ESDM: Kegempaan Gunung Awu di Kepulauan Sangihe-Sulut meningkat

ESDM: Aktivitas Kegempaan di Gunung Awu Kepulauan Sangihe Sulut Mengalami Peningkatan

ESDM – Manado, Rabu – Kementerian Energi dan Sumber Daya Mineral (ESDM) mengungkapkan bahwa intensitas kegempaan di Gunung Awu, Kabupaten Kepulauan Sangihe, Sulawesi Utara (Sulut), telah mengalami kenaikan. Pada periode pengamatan 4 Mei 2025, tercatat sebanyak 74 kejadian gempa vulkanik dangkal, menunjukkan adanya perubahan pola aktivitas vulkanik di area tersebut.

Laporan dari Badan Geologi

Dalam pernyataan yang dibagikan oleh Kepala Balai Pemantauan Gunung Api dan Mitigasi Bencana Gerakan Tanah Sulawesi dan Maluku, Badan Geologi, Juliana DJ Rumambi, dijelaskan bahwa aktivitas kegempaan Gunung Awu saat ini berada dalam kondisi yang lebih dinamis dibandingkan sebelumnya. Pemimpin tugas dari Badan Geologi, Lana Saria, menegaskan bahwa peningkatan ini harus diwaspadai karena dapat menjadi indikator awal dari kemungkinan erupsi.
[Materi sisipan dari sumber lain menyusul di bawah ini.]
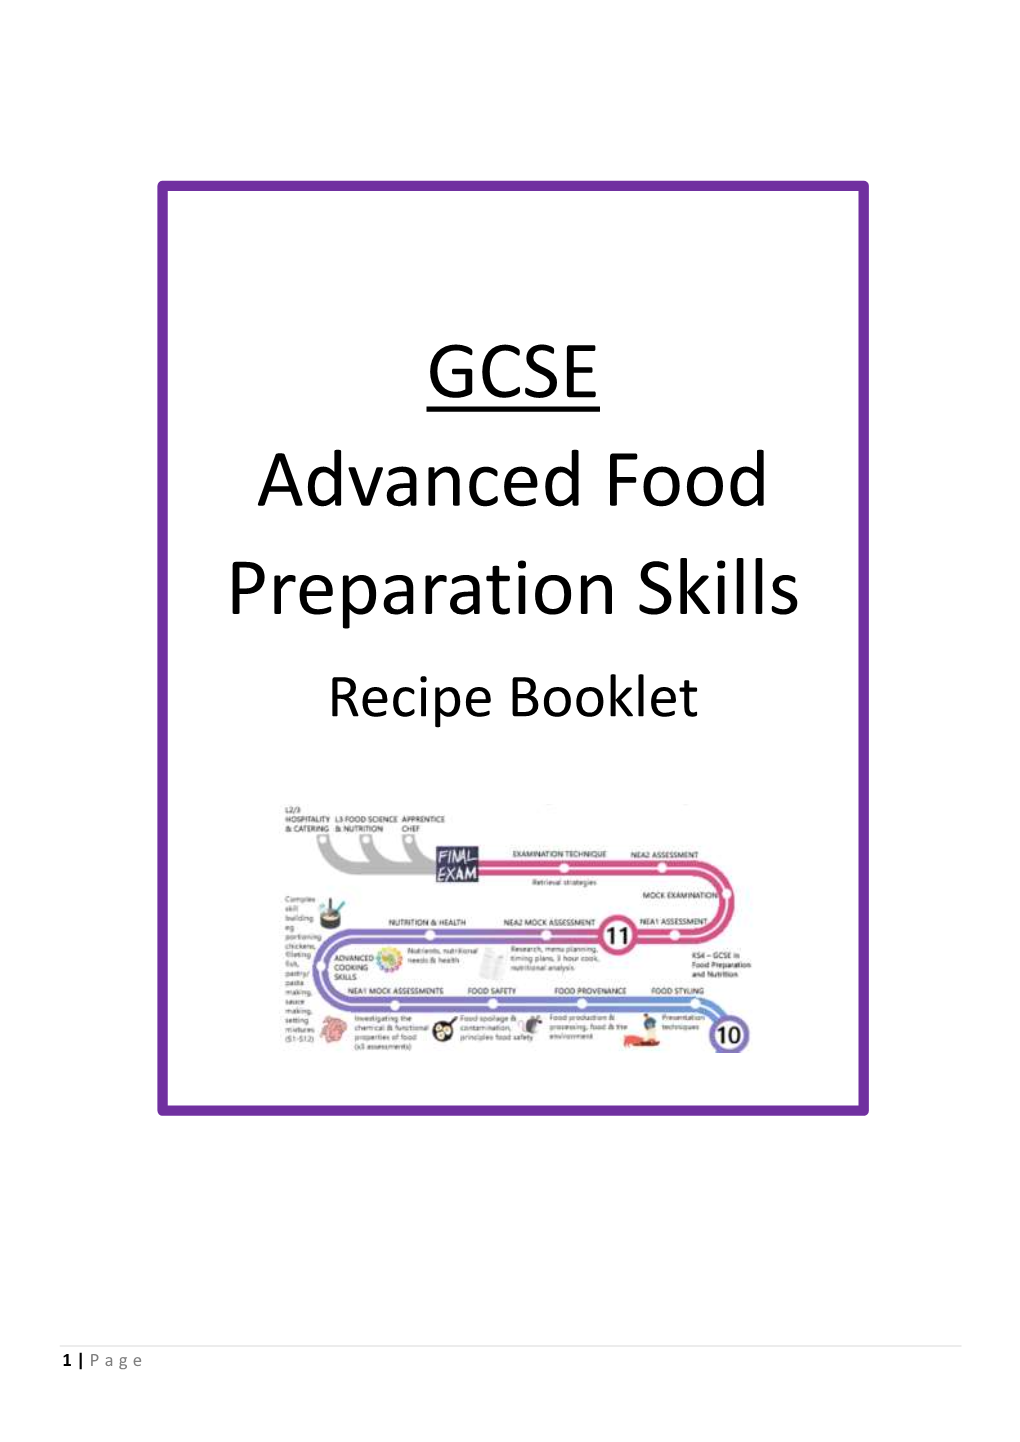 GCSE Advanced Food Preparation Skills Recipe Booklet

“Pemantauan kegempaan pada tanggal 4 Mei 2025 menunjukkan terjadinya peningkatan kegempaan pada gempa vulkanik dangkal yang mencapai 74 kejadian,” ujar Lana Saria dalam laporan yang diunggah.
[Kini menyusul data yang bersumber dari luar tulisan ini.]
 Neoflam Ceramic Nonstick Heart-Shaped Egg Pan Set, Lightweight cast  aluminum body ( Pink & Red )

Data Kegempaan Pada 5 Mei 2025

Pada 5 Mei 2025, dari pukul 00.00 hingga 12.00 WITA, tercatat 15 kejadian gempa vulkanik dangkal, 2 kali gempa vulkanik dalam, dan 23 kejadian gempa tektonik jauh. Selain itu, ditemukan gempa-gempa berfrekuensi rendah yang berkaitan dengan aliran fluida di dalam sistem magma, meski hingga saat ini belum teramati secara signifikan.

Embun asap kawah Gunung Awu masih teramati berwarna putih dan tipis, dengan ketinggian antara 20 hingga 200 meter di atas kubah lava. Peningkatan aktivitas ini dikaitkan dengan beberapa faktor, termasuk keadaan sistem magma yang masih aktif serta peningkatan gempa tektonik di wilayah Sulawesi Utara dan Maluku Utara sejak April 2026.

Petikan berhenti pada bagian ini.